The comprehension gap
System complexity has outrun the human mind by four orders of magnitude. Scroll to watch the wedge open.
For fifty years, the systems we build have grown faster than our capacity to hold them in mind.
We have answered that divergence the only way we knew how — by enlarging the engineer. More abstraction. More tooling. More documentation laid over an artefact that keeps getting larger underneath it.
This feature makes one chart argue one claim: the gap is now structural, and it will not be closed by making engineers bigger.
A system you could hold in one head
The first decade. System complexity and human comprehension start at the same point. The lines are together.
An order of magnitude, already
Twenty years in, complexity is 32× the baseline. Comprehension has barely moved off 1×. The wedge begins.
A thousand to one
The gap is no longer a matter of effort. No amount of reading closes three orders of magnitude.
Sixteen-thousand to one
The ceiling becomes visible. Independent re-evaluations collapse the headline capability numbers — but the complexity curve does not bend.
The bridge, or the gap is permanent
The substrate is either the bridge by 2030, or the divergence is a permanent feature of how we build.
We don't enlarge the engineer. We reshape the substrate.
There is a second curve that makes the first one urgent: energy.

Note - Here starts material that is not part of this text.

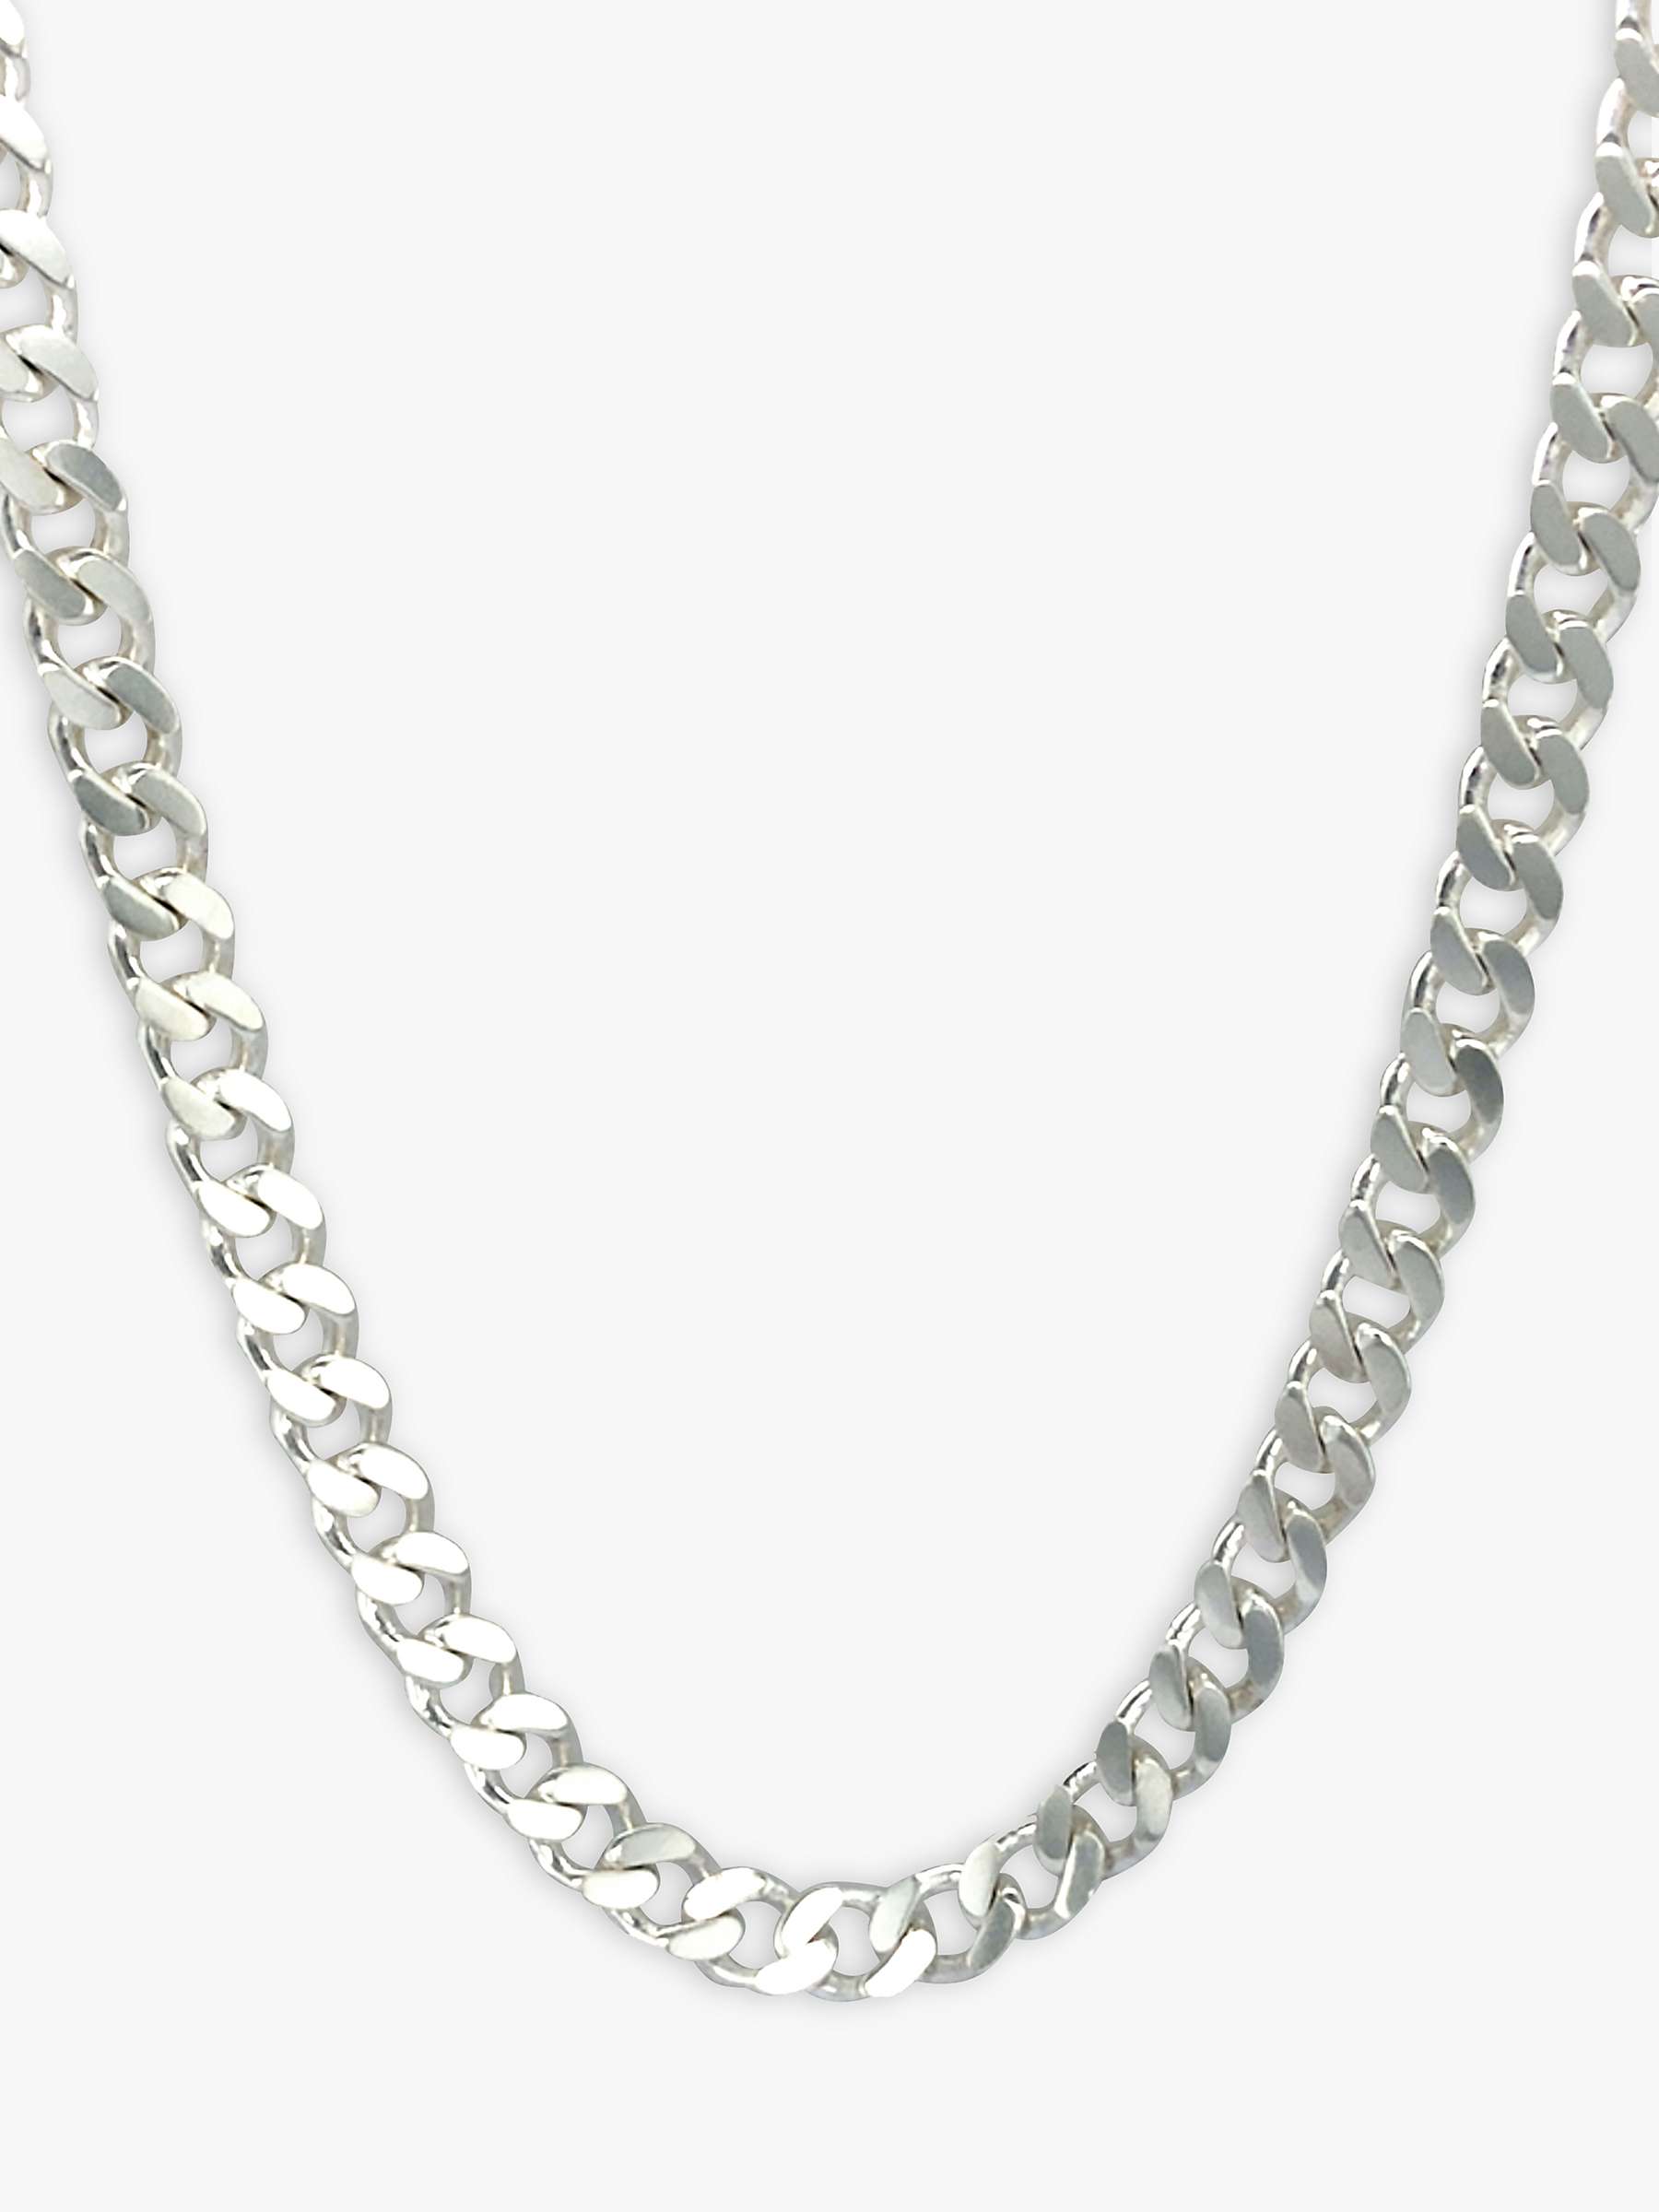 Buy Vintage Fine Jewellery Second Hand Flat Curb Link Chain Necklace, Dated Circa 1980s Online at johnlewis.com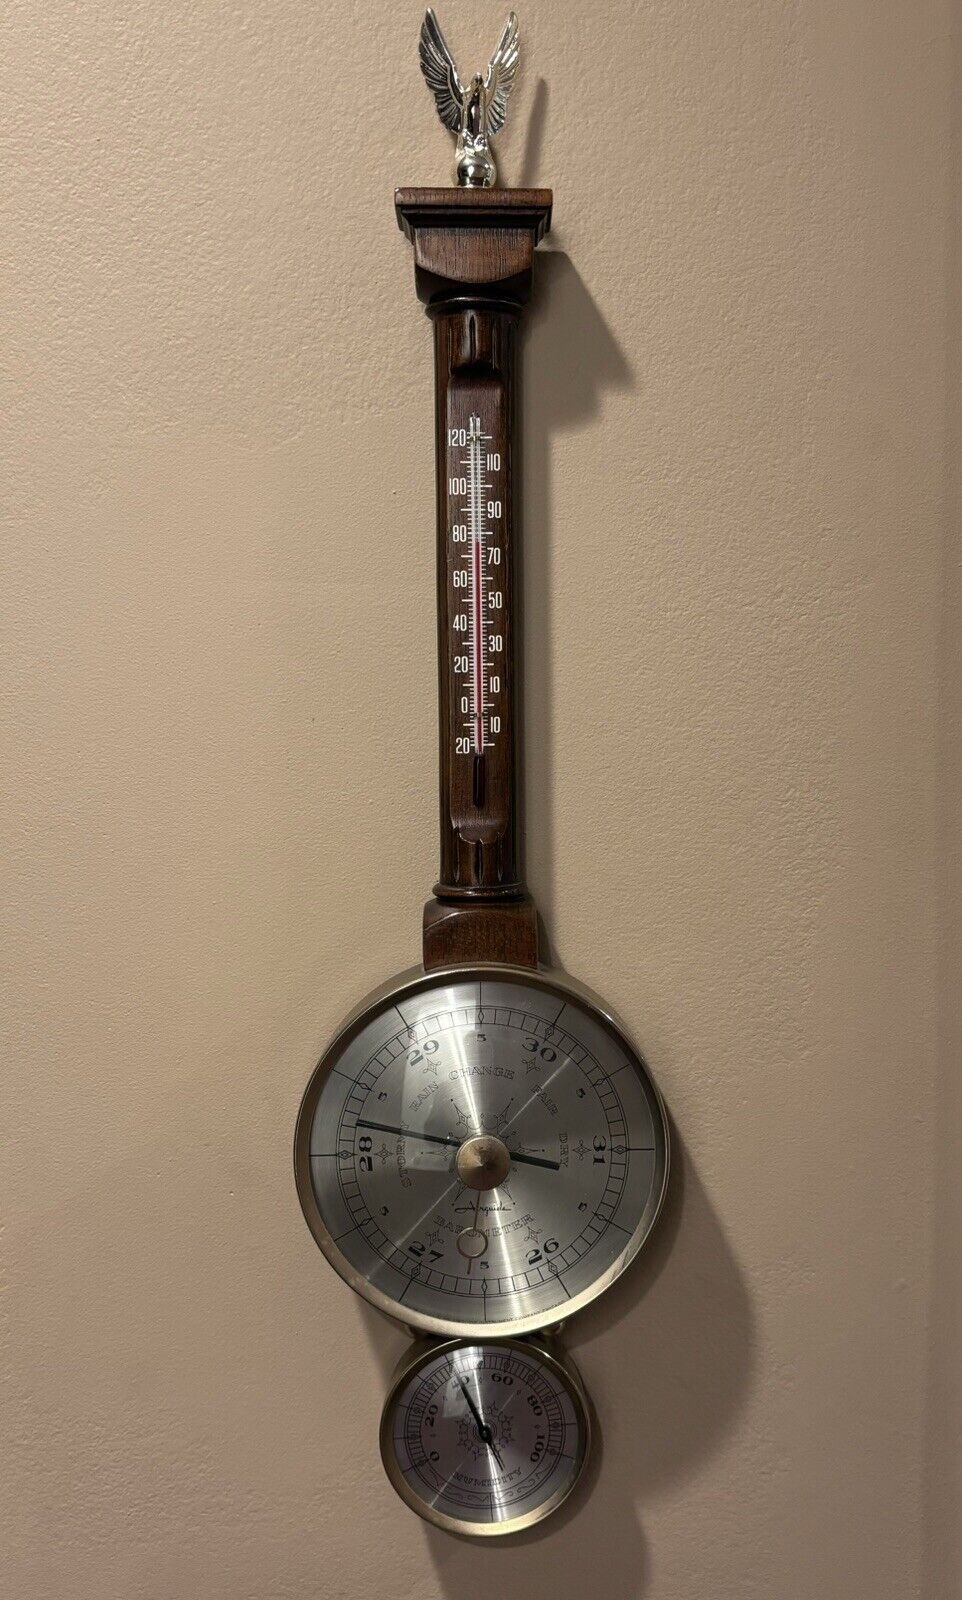 Vintage Airguide Barometer Banjo Style Weather Station Thermometer Brass

Every closed gap has a price measured in joules. The substrate that finally attends must also be the substrate that can afford to — and on that axis, today's machine intelligence sits six orders of magnitude above the brain it imitates.
One nanojoule per event
Transformer inference on GPUs. The reference point — and the most expensive way we have to think.
Two orders better
Loihi and TrueNorth-class silicon. State of the art — and still far from the only existence proof that matters.
The real benchmark
Mammalian cortex, at roughly 100 femtojoules. Not the next increment — the target.
Below biology
A self-organising memristive substrate, under 10 fJ. Five orders of magnitude from where we started.
Close the gap not by enlarging the engineer, but by reshaping the substrate they navigate.